In: Accounting
What are the tax consequences to the sole shareholder of contributing encumbered property to the corporation as a contribution to capital?
A transferors cost basis for contributed property carries over to the corporation and also becomes the transferors basis for stock revived. However, if the corporations carry overs basis for all the property one has transferred is more than property fair value immediately after the contribution, the corporation basis is reduced to property's fair market value under q carry over basis limit rule. If this rule applies the transferor and corporation can jointly elect apply the basis reduction to cost basis of the stock received by the transferor ,instead of the corporations basis in the property.
Control
Control means ownership of 80% of voting power of voting stock of corporations voting stock and 80% of number of shares in each class of non -voting stock. One important exception is that a transferor who has entered into a binding commitment to dispose of stock to be received for transfer of property doesn't count towards 80% control requirement.
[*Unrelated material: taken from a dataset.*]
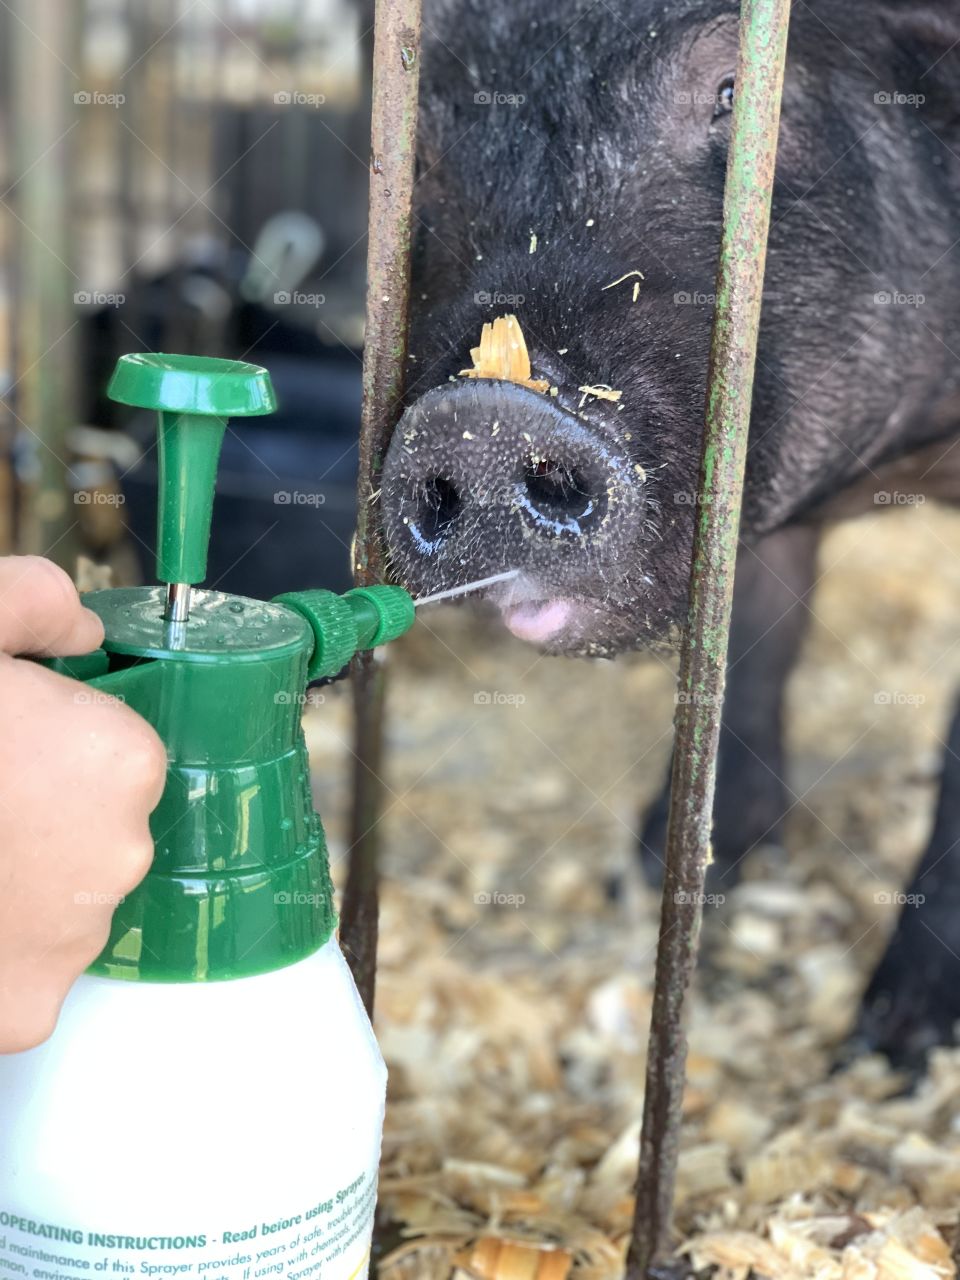 4H fair watering the pig
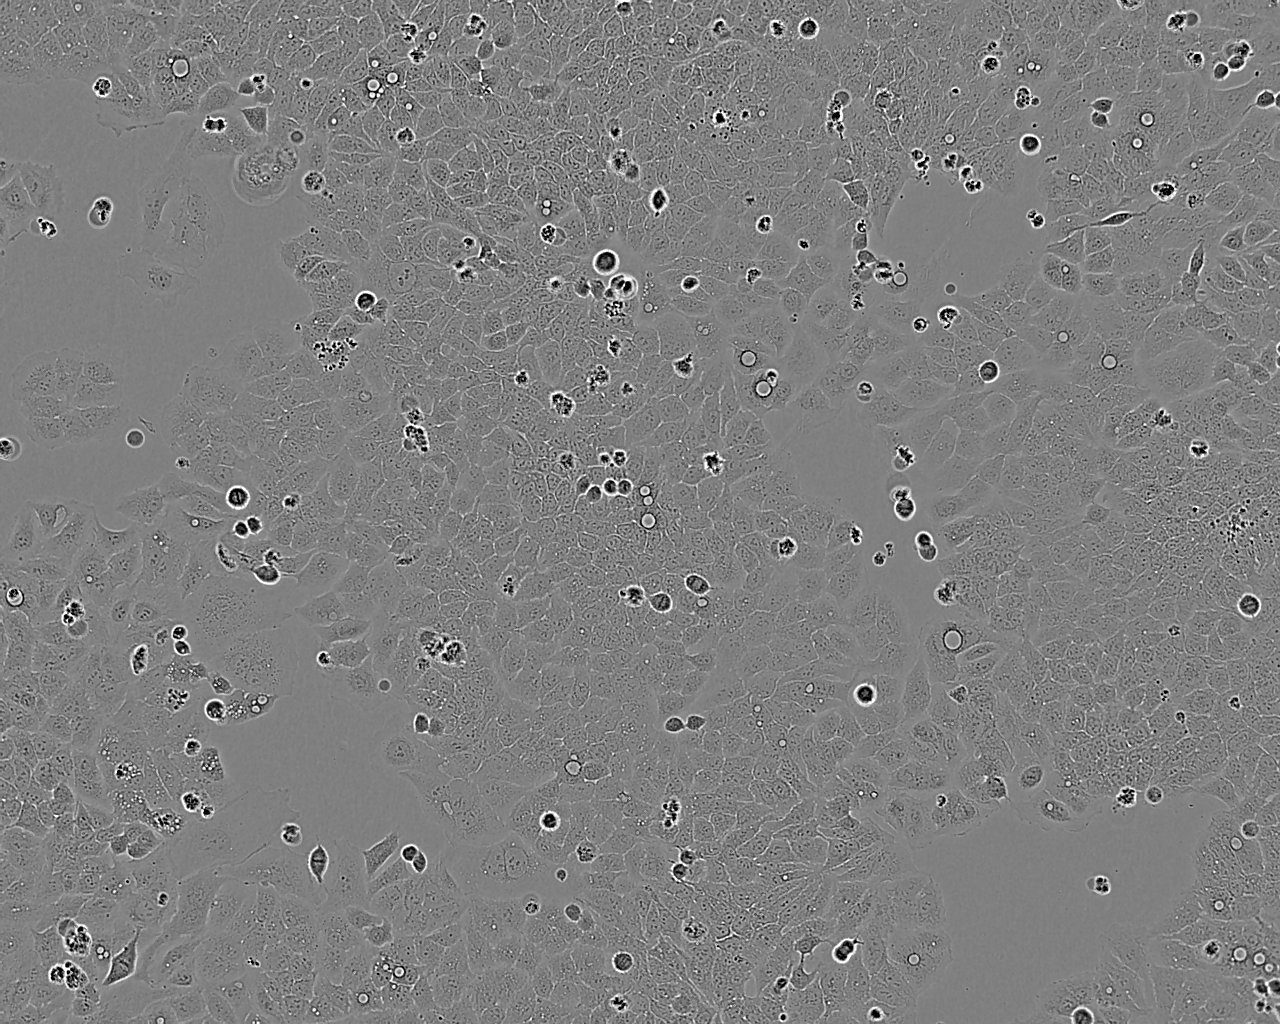 GB-1 Cell:人脑胶质母细胞瘤细胞系

If persons transfering the property do not control the corporation immediately after the transfer each transferor recognize gain or loss equal to difference between his or her basis in transferred property and value of stock received. Note however that if loss recognized ,it will not necessarily be deductible
Boot
Even if control test is met, a transferor receives cash or property (boot) other than stock of transferee in exchange for transferors property. Debt securities are treated as boot for this purpose, as are certain types of redeemable or adjustable rate preferred stock.
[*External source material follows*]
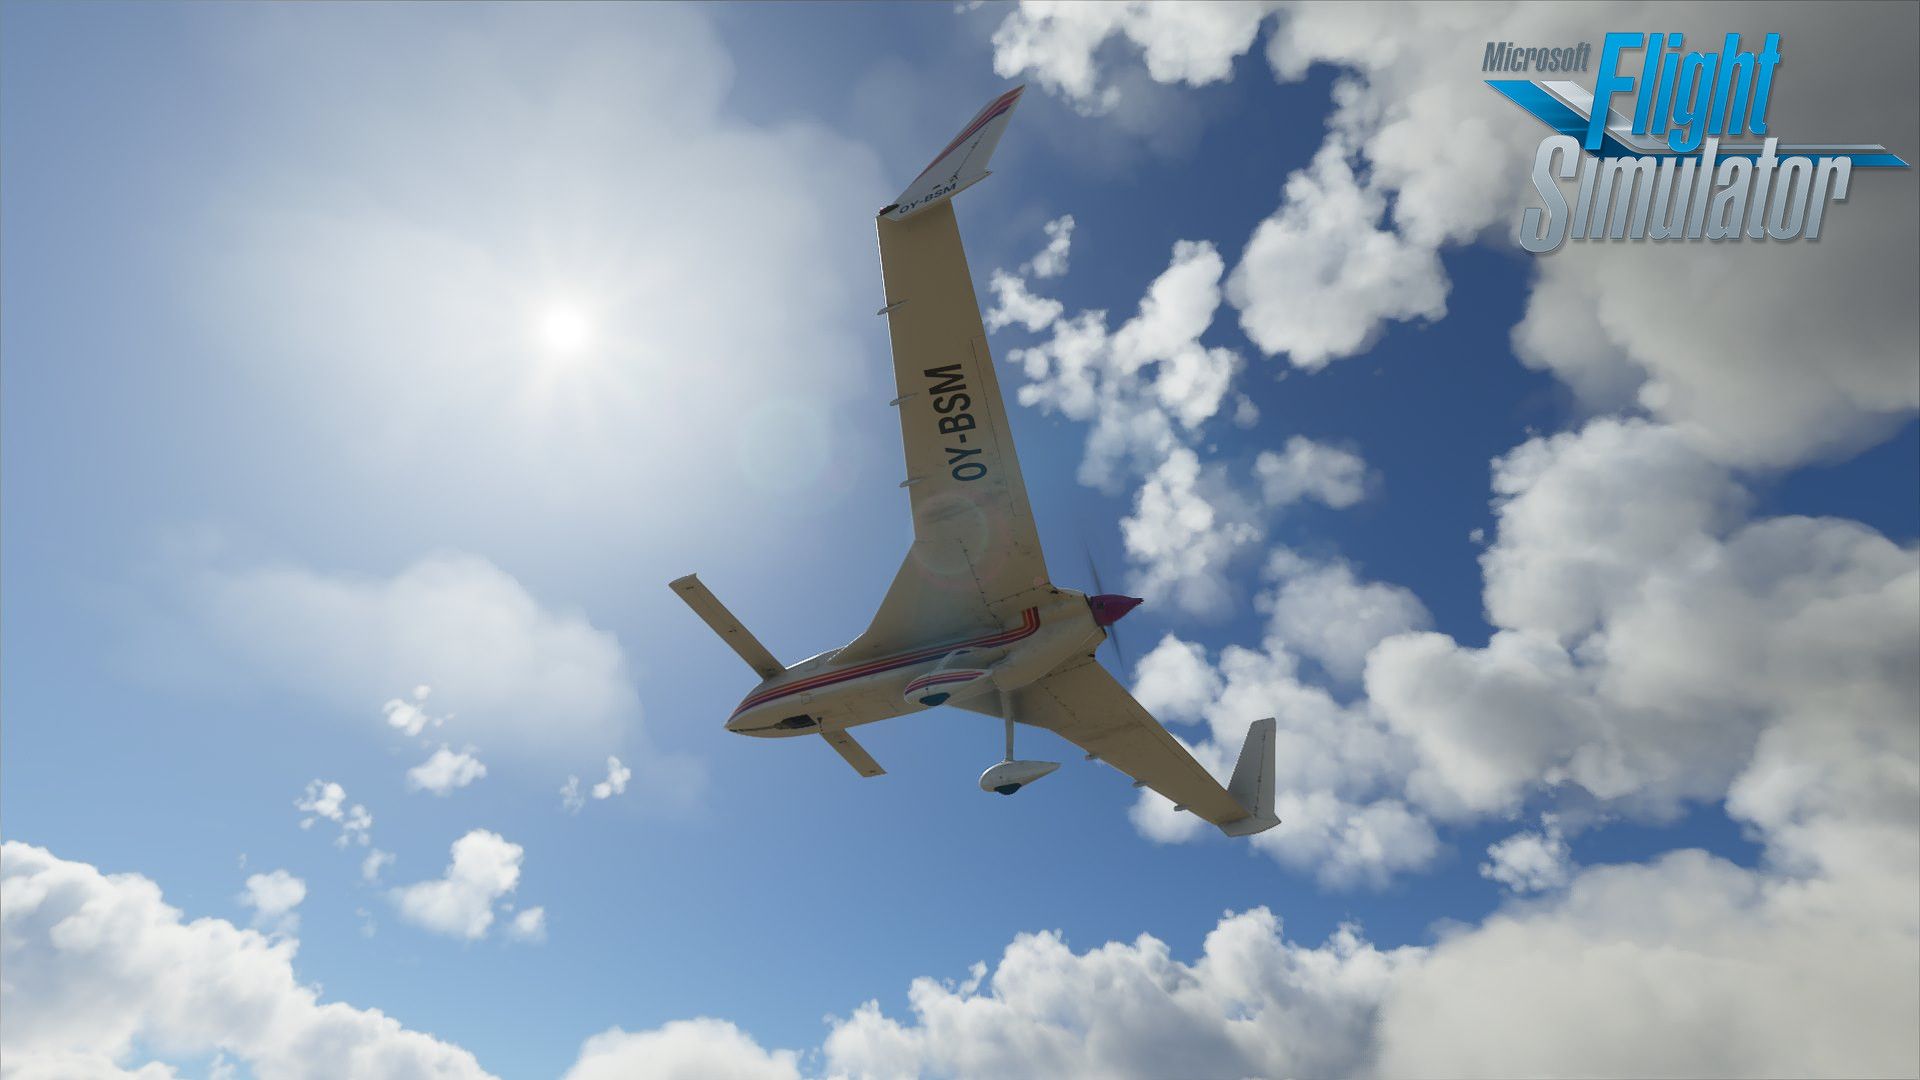 buy microsoft flight simulator 2015

If transaction includes receipt of boot the transferor will recognize the lesser of (a) the gain realized as to property over the transferor basis in property transferee ,or b) the cash and other boot received The transferor basis in stock is the basis the transferor had in property transfers ,plus gain recognized, minus boot received
If boot is property other than cash, the amount of boot is fair market value of property This value also becomes the shareholders basis for boot property.
Assumption of debt
If, as part of transaction described above, the transferee corporation assumes, or takes property subject to, liabilities, the liabilities are ordinarily not treated as taxable boot received by shareholder, but treated as boot in determining basis. However if the liabilities exceed shareholders basis for property v, gain will ordinarily be recognized by shareholder. An example of effect of mortgage where gain is not recognized by transferor is as follows
Example: Josh contributes land to his controlled corporation in exchange solely for stock. The land was subject to a $4000 mortgage. Josh basis in land was $10000 and it's value was $20000.Josh still doesn't recognize any gain because boot is not received for these purposes. Josh basis in stock he gets, however, is just $6000-the $10000 basis he had in land minus the $4000 debt(treated as boot for this purpose)
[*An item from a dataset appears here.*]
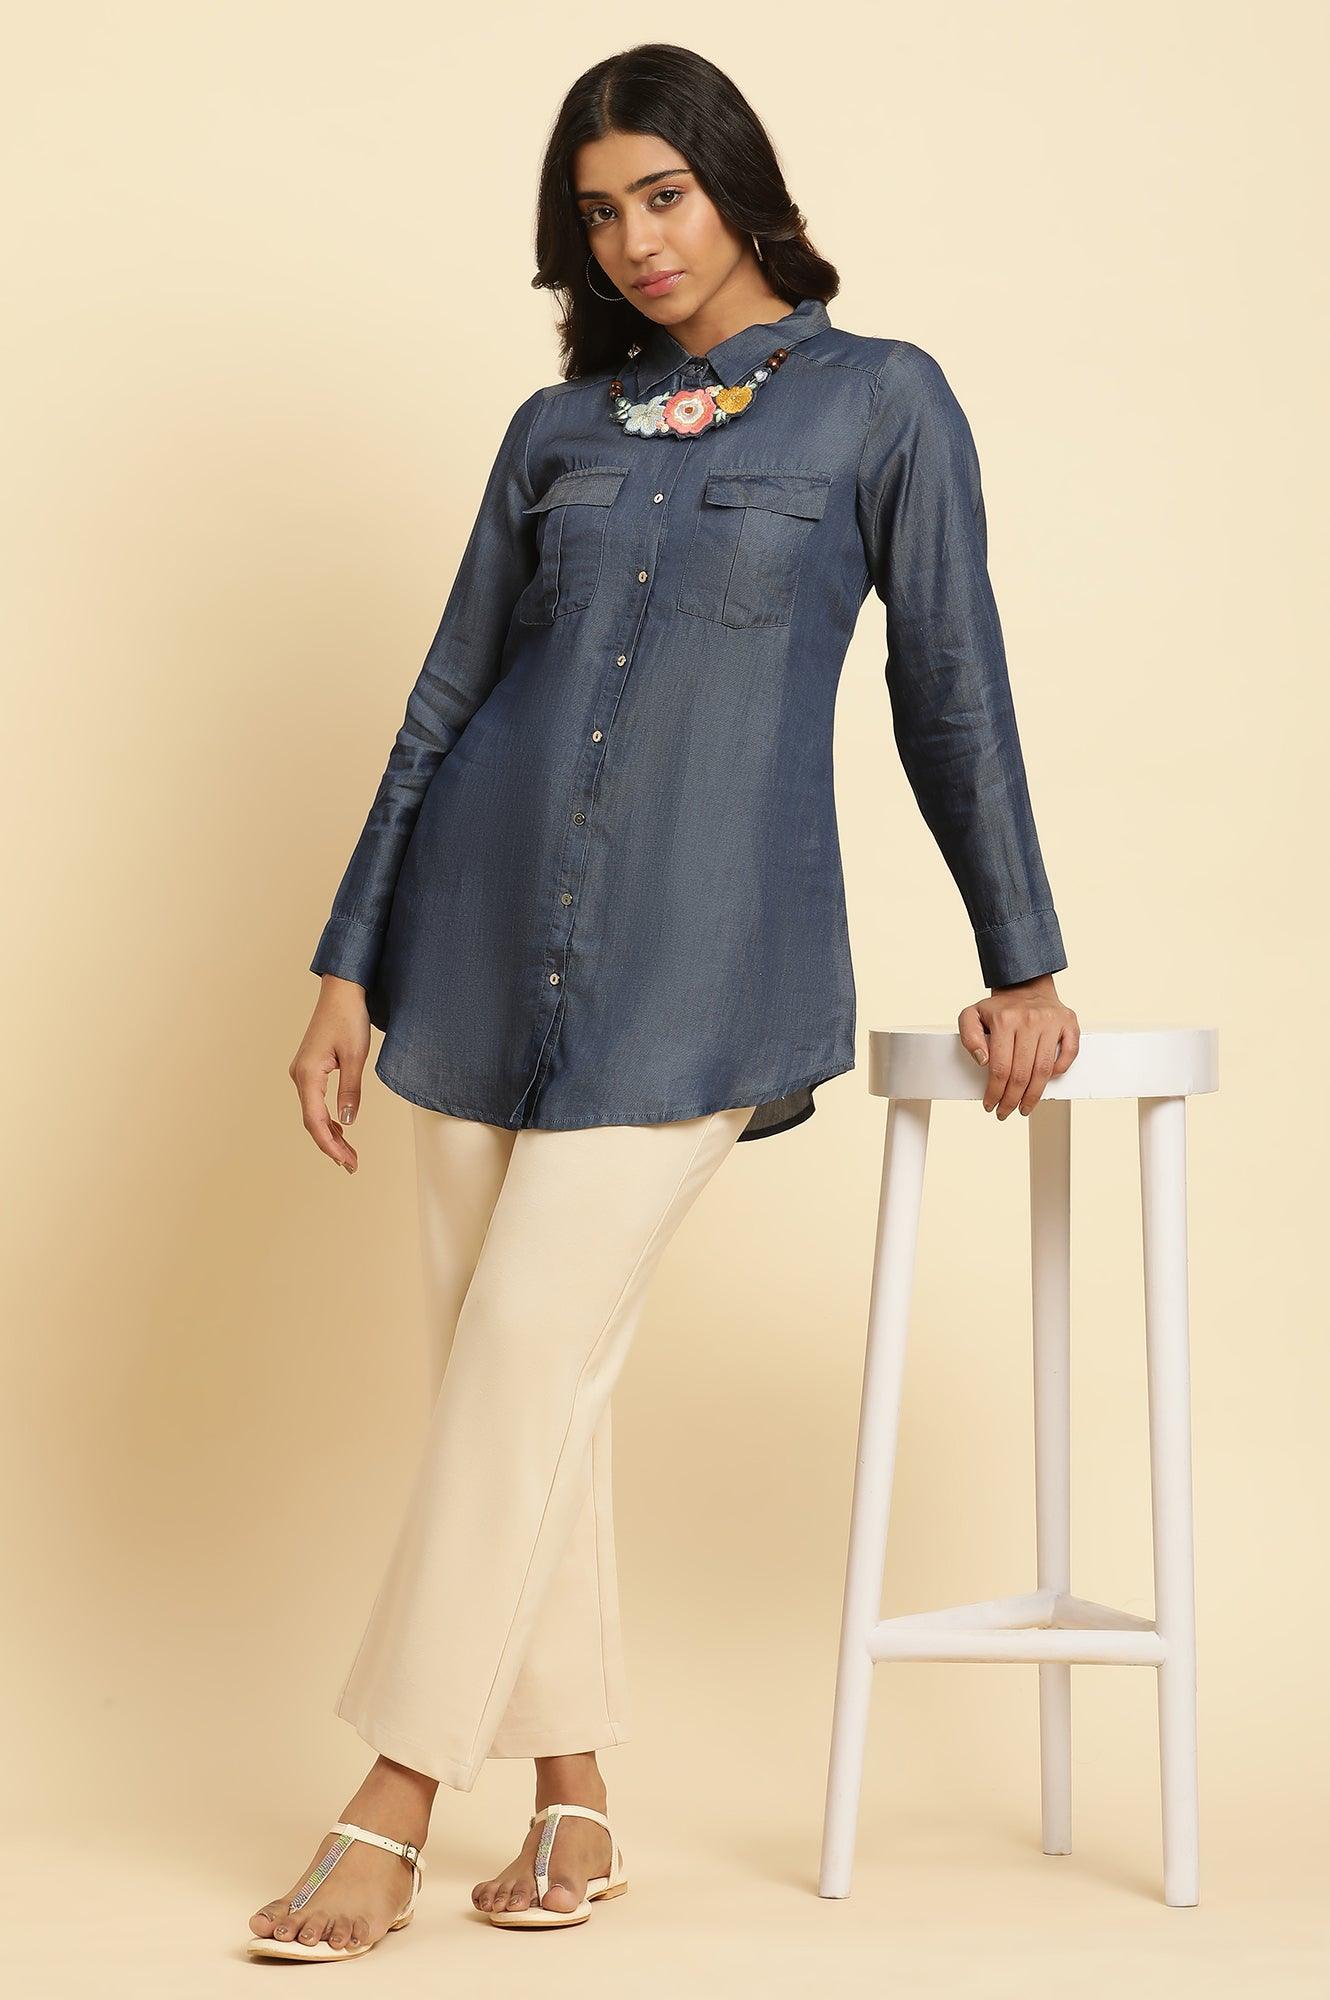 Blue Denim Western Shirt With Embroidered Neck Piece - wforwoman

If significant portion of properties transferred to corporation are marketable stock or securities, including interests in a regulated investment company or real estate investment trust ,it could be transfer to an investment company on which gain would be recognized thereby invoking another set of complex rules.
Conclusion
If you are contemplating transfer of property to a corp, it would be wise to seek review of transaction by tax counsel if there will be other transferors, if property has declined in value since you acquired it., if there is a plan to transfer any stock that will be received in transaction, if property is subject to debt or other liabilities, or if you are transferring marketable securities.